Assume a Normal distribution with an average return of 7% and a standard deviation of 2%. What is the probability of an actual return of (a) more than 11%; and (b) less tha…

Question

asked Nov 18, 2021 43.9k views

1 Answer

Dassum · Answer 1 · 2021-11-24T00:32:55+0000

Answer:

0.023 is the probability of an actual return of more than 11%.
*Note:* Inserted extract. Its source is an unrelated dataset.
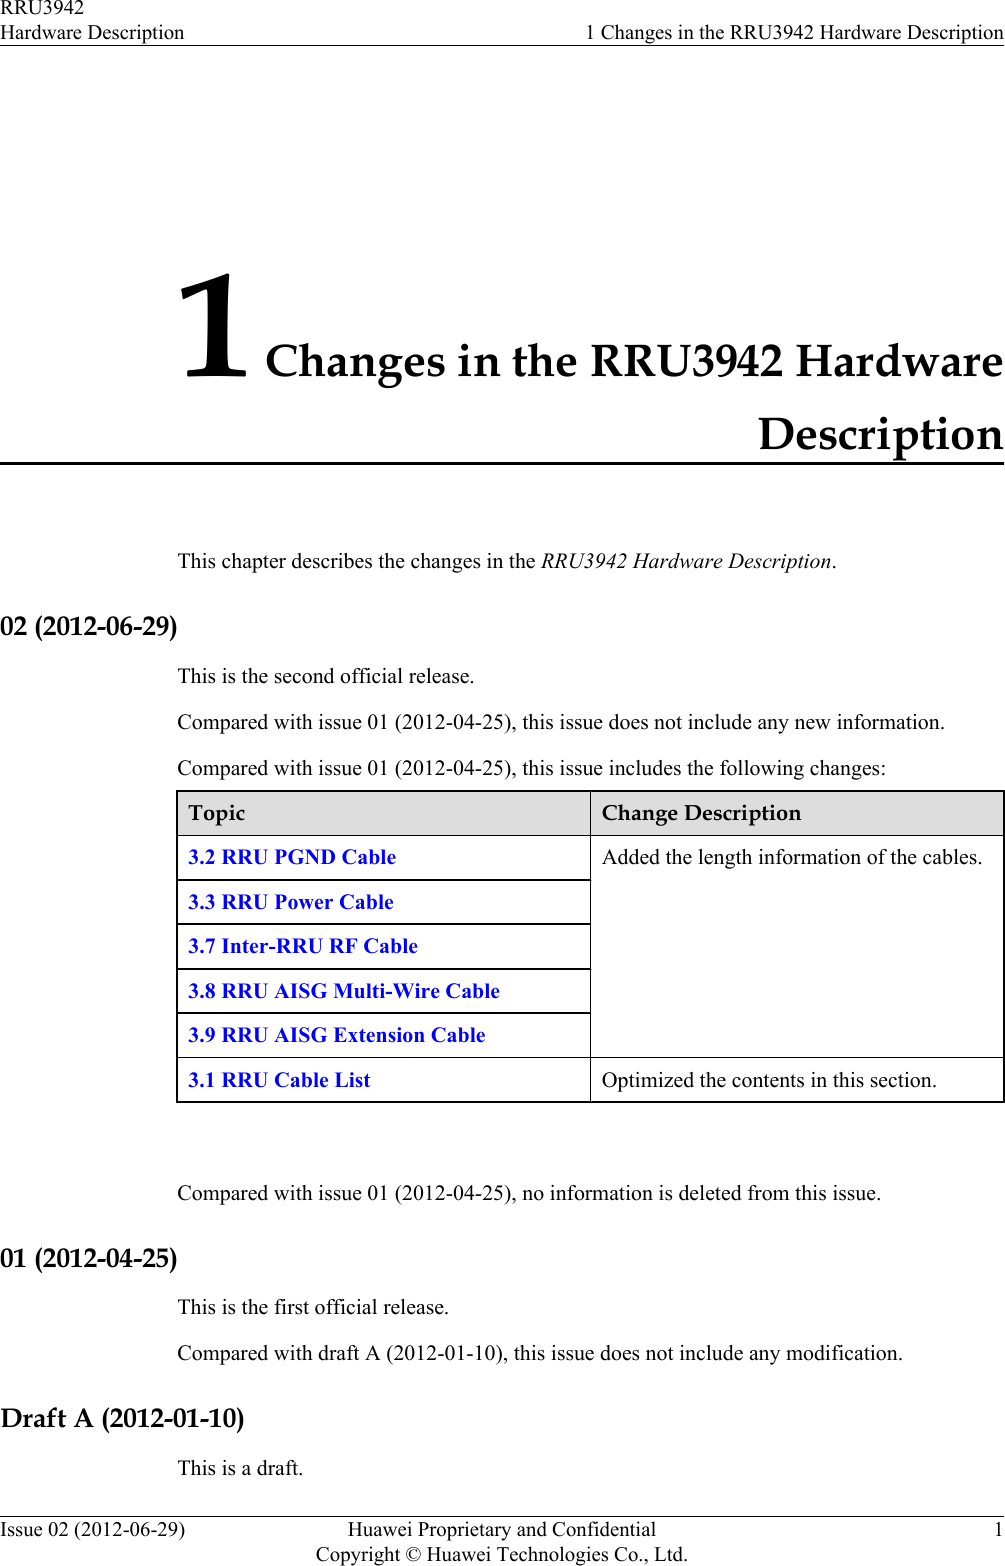 1 Changes in the RRU3942 HardwareDescriptionThis chapter describes the changes in the RRU3942 Hardware Description.02 (2012-06-29)This is the second official release.Compared with issue 01 (2012-04-25), this issue does not include any new information.Compared with issue 01 (2012-04-25), this issue includes the following changes:Topic Change Description3.2 RRU PGND Cable Added the length information of the cables.3.3 RRU Power Cable3.7 Inter-RRU RF Cable3.8 RRU AISG Multi-Wire Cable3.9 RRU AISG Extension Cable3.1 RRU Cable List Optimized the contents in this section. Compared with issue 01 (2012-04-25), no information is deleted from this issue.01 (2012-04-25)This is the first official release.Compared with draft A (2012-01-10), this issue does not include any modification.Draft A (2012-01-10)This is a draft.RRU3942Hardware Description 1 Changes in the RRU3942 Hardware DescriptionIssue 02 (2012-06-29) Huawei Proprietary and ConfidentialCopyright © Huawei Technologies Co., Ltd.1

0.159 is the probability of an actual return of less than 5%.

Explanation:

We are given the following information in the question:

Mean, μ = 7%

Standard Deviation, σ = 2%

We are given that the distribution is a bell shaped distribution that is a normal distribution.

Formula:

$z_(score) = \displaystyle(x-\mu)/(\sigma)$

a) P(more than 11%)

P(x > 11)

$P( x > 11) = P( z > \displaystyle(11 - 7)/(2)) = P(z > 2)$

$= 1 - P(z \leq 2)$

Calculation the value from standard normal z table, we have,

$P(x > 11) = 1 - 0.977 = 0.023 = 2.3\%$

Thus, 0.023 is the probability of an actual return of more than 11%.

b) P(less than 5%)

P(x < 5)

$P( x < 5) = P( z < \displaystyle(5 - 7)/(2)) = P(z < -1)$

Calculation the value from standard normal z table, we have,

$P(x < 5) =0.159 = 15.9\%$

Thus, 0.159 is the probability of an actual return of less than 5%.